Activity: Word for word, restate the lines of the listing below from the line with "Today I'm wearing" through the line with "Cushion with Wolves - Warriors of Winter", and do not include the pictures.

Record set:
- Opening Delimiter -
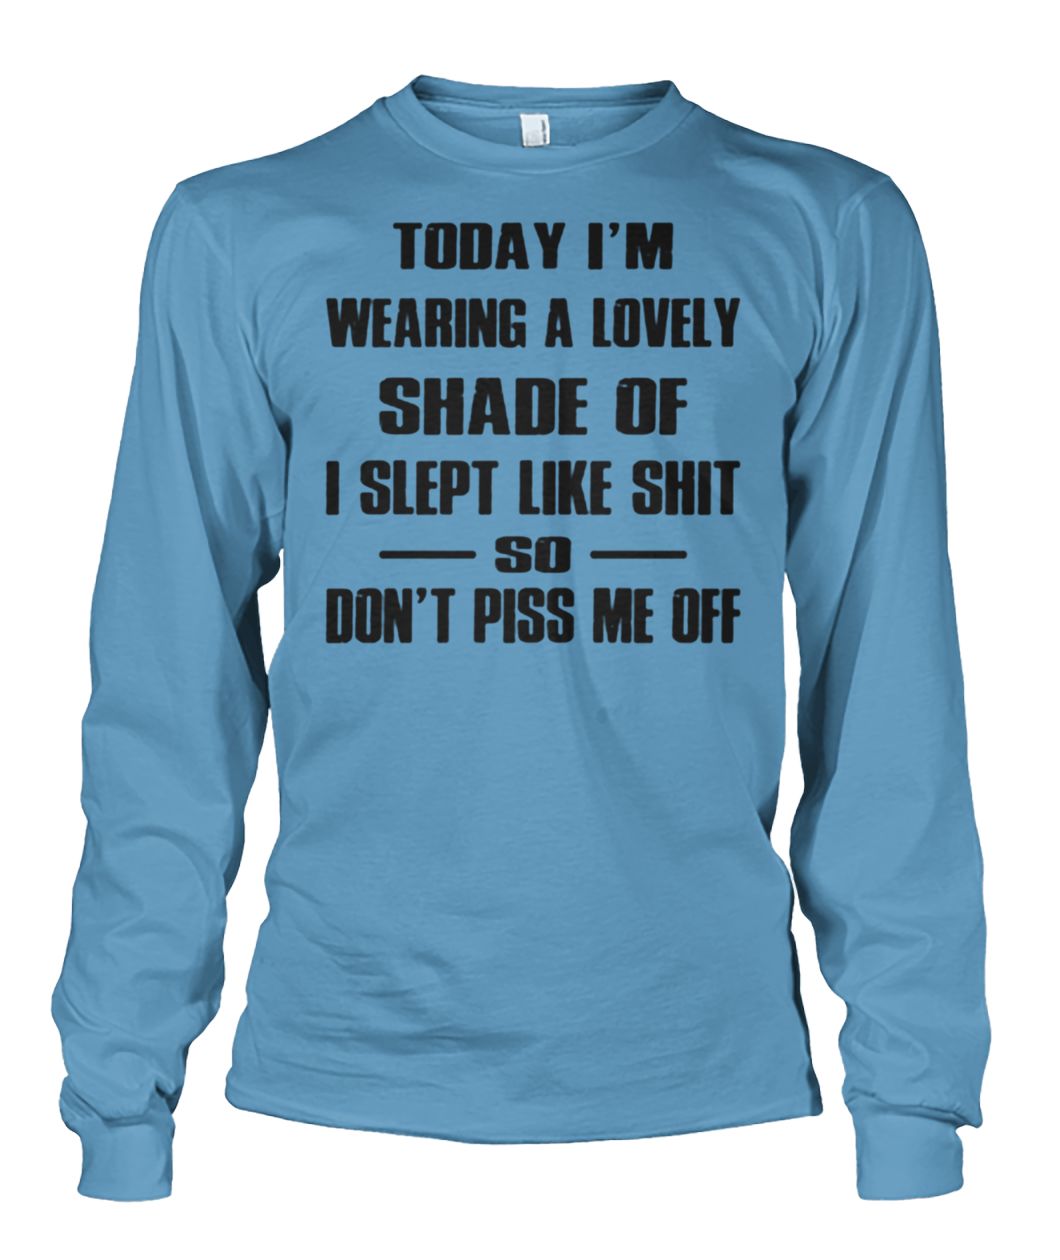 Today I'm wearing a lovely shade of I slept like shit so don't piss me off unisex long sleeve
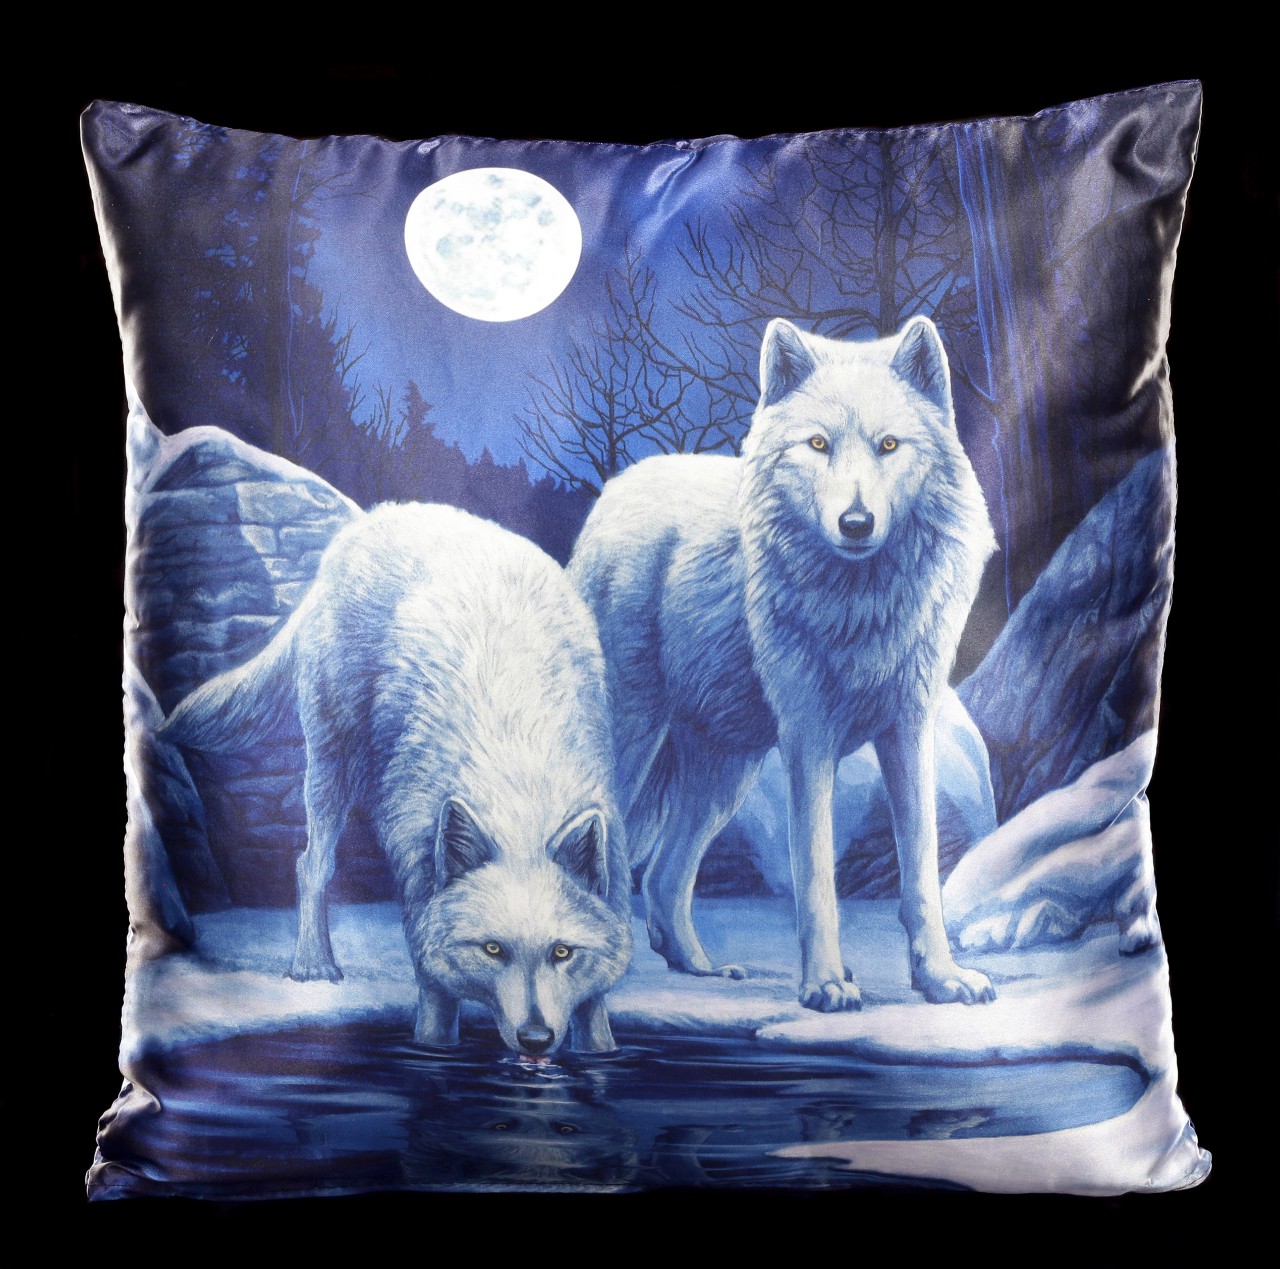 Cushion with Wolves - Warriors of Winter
- Closing Delimiter -
- Opening Delimiter -
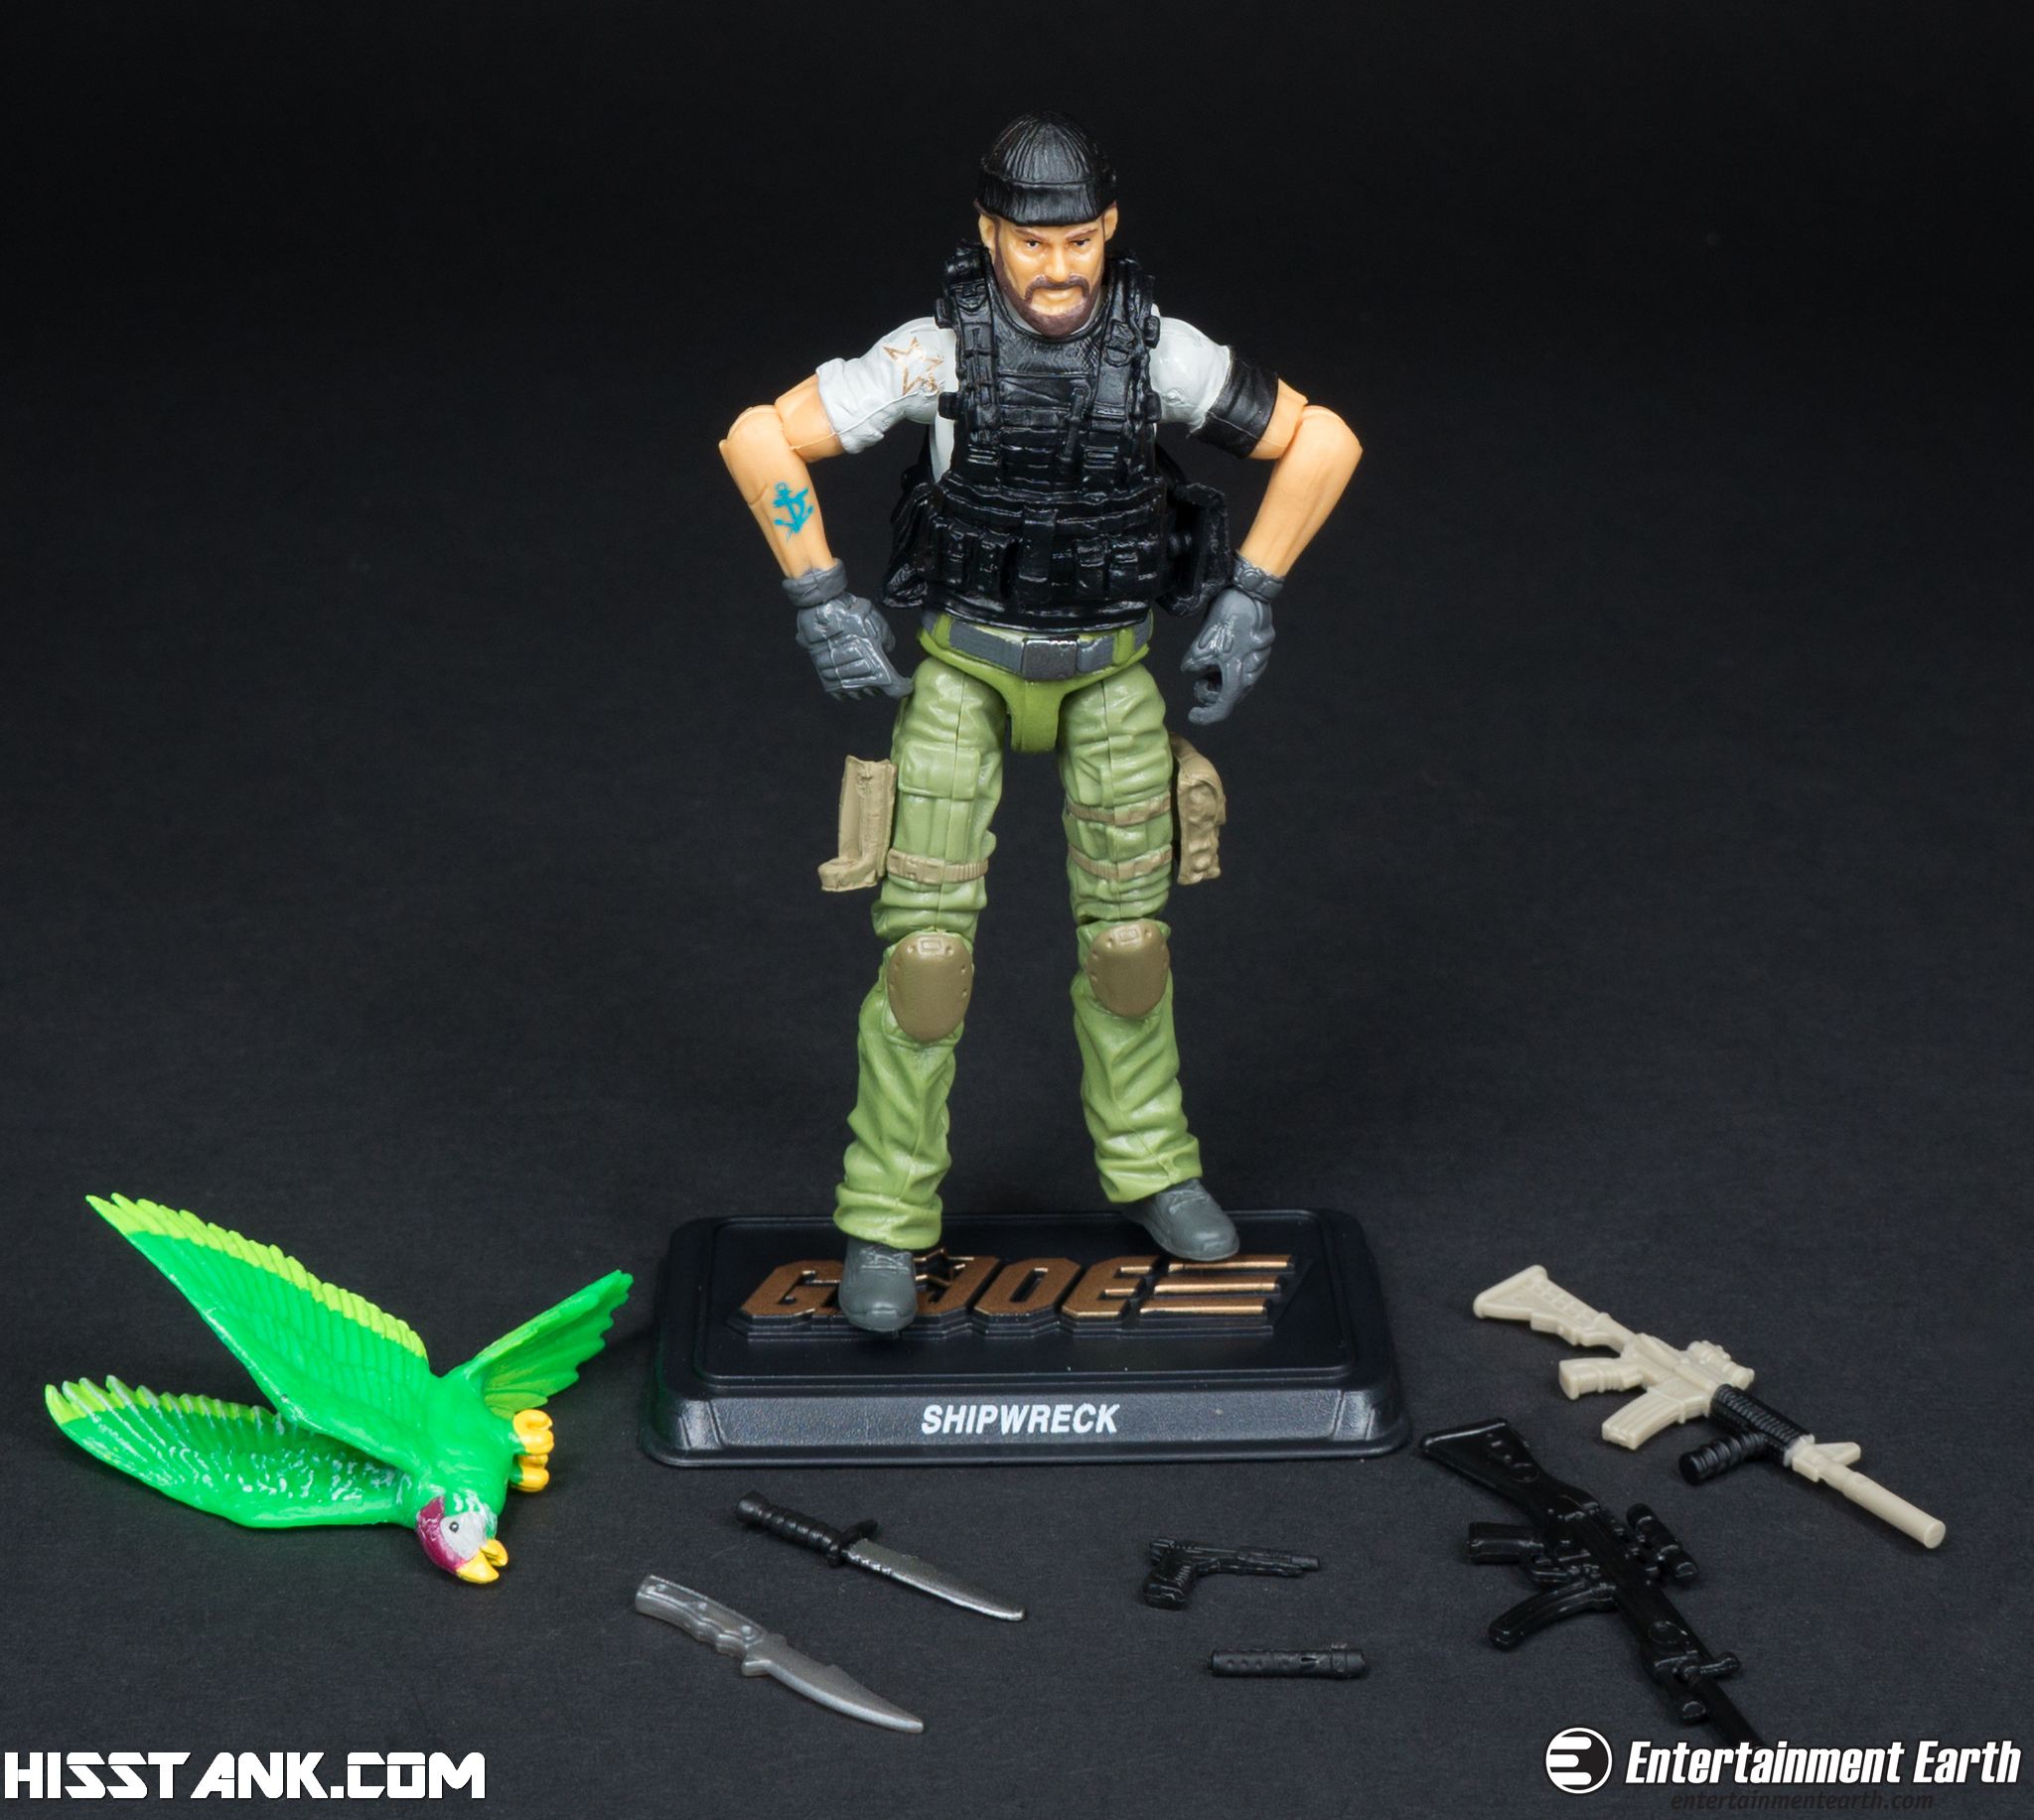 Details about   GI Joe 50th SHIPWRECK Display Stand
- Closing Delimiter -
Expected output:
 Today I'm wearing a lovely shade of I slept like shit so don't piss me off unisex long sleeve
 Cushion with Wolves - Warriors of Winter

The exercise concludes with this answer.